— Excerpted data —
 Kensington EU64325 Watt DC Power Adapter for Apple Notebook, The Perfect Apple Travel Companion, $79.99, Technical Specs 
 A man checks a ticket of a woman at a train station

---

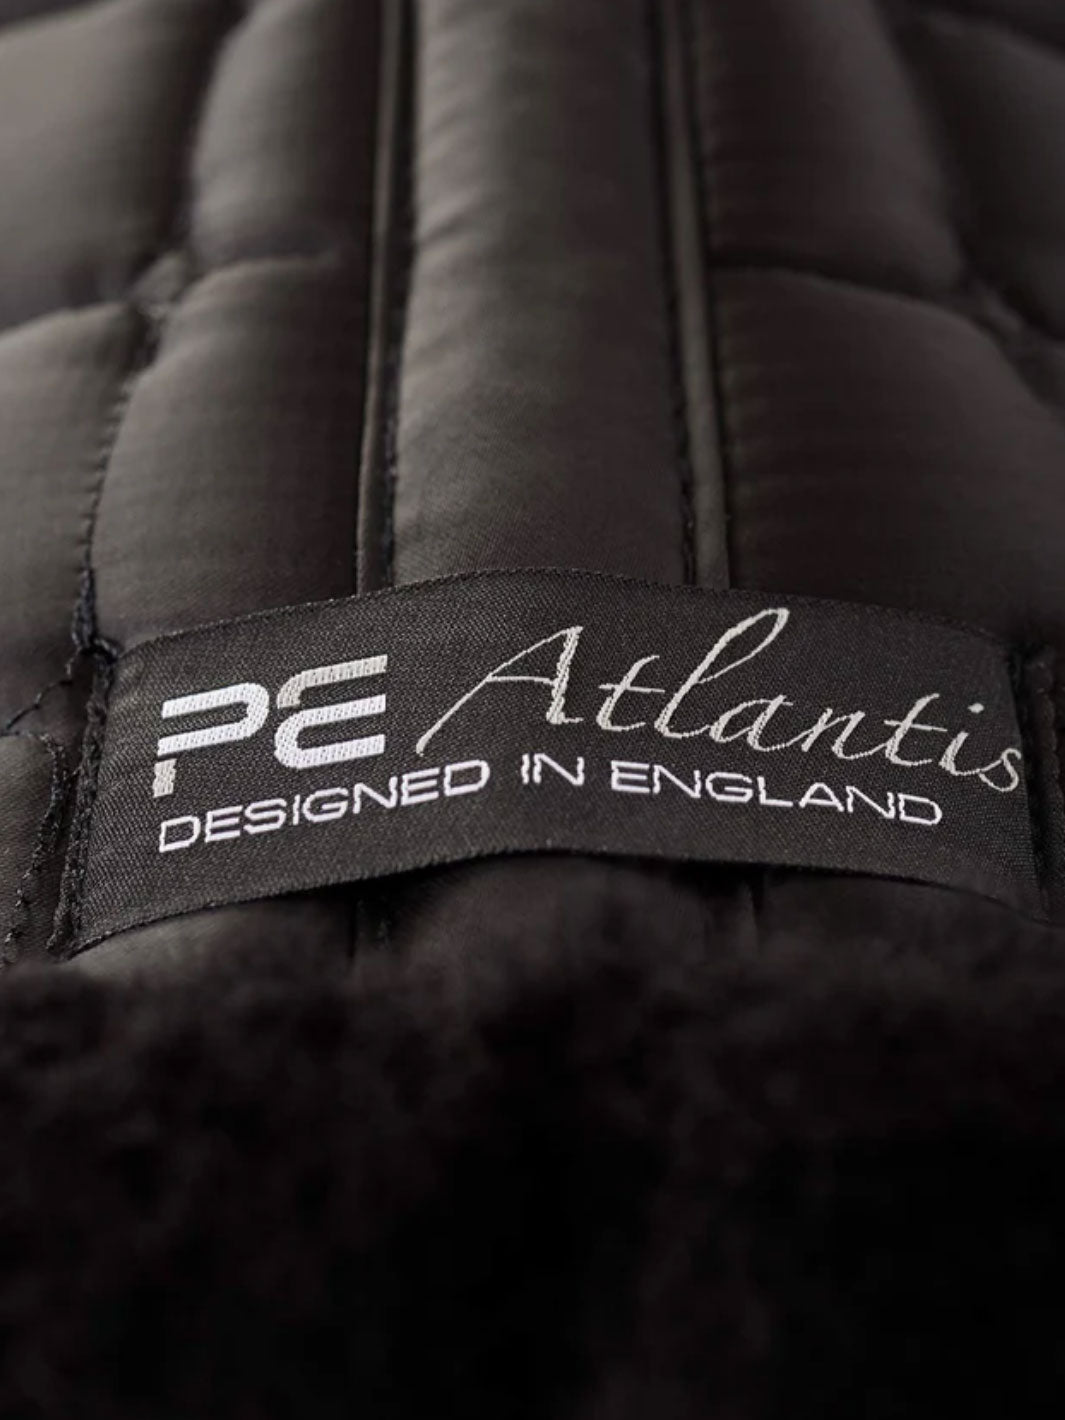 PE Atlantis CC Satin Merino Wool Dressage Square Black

— Work to complete —
Produce a word-for-word copy of everything above from the line holding "Kensington EU64325 Watt" down to the line holding "A man checks", with both of those lines kept.

— Finished task —
 Kensington EU64325 Watt DC Power Adapter for Apple Notebook, The Perfect Apple Travel Companion, $79.99, Technical Specs 
 A man checks a ticket of a woman at a train station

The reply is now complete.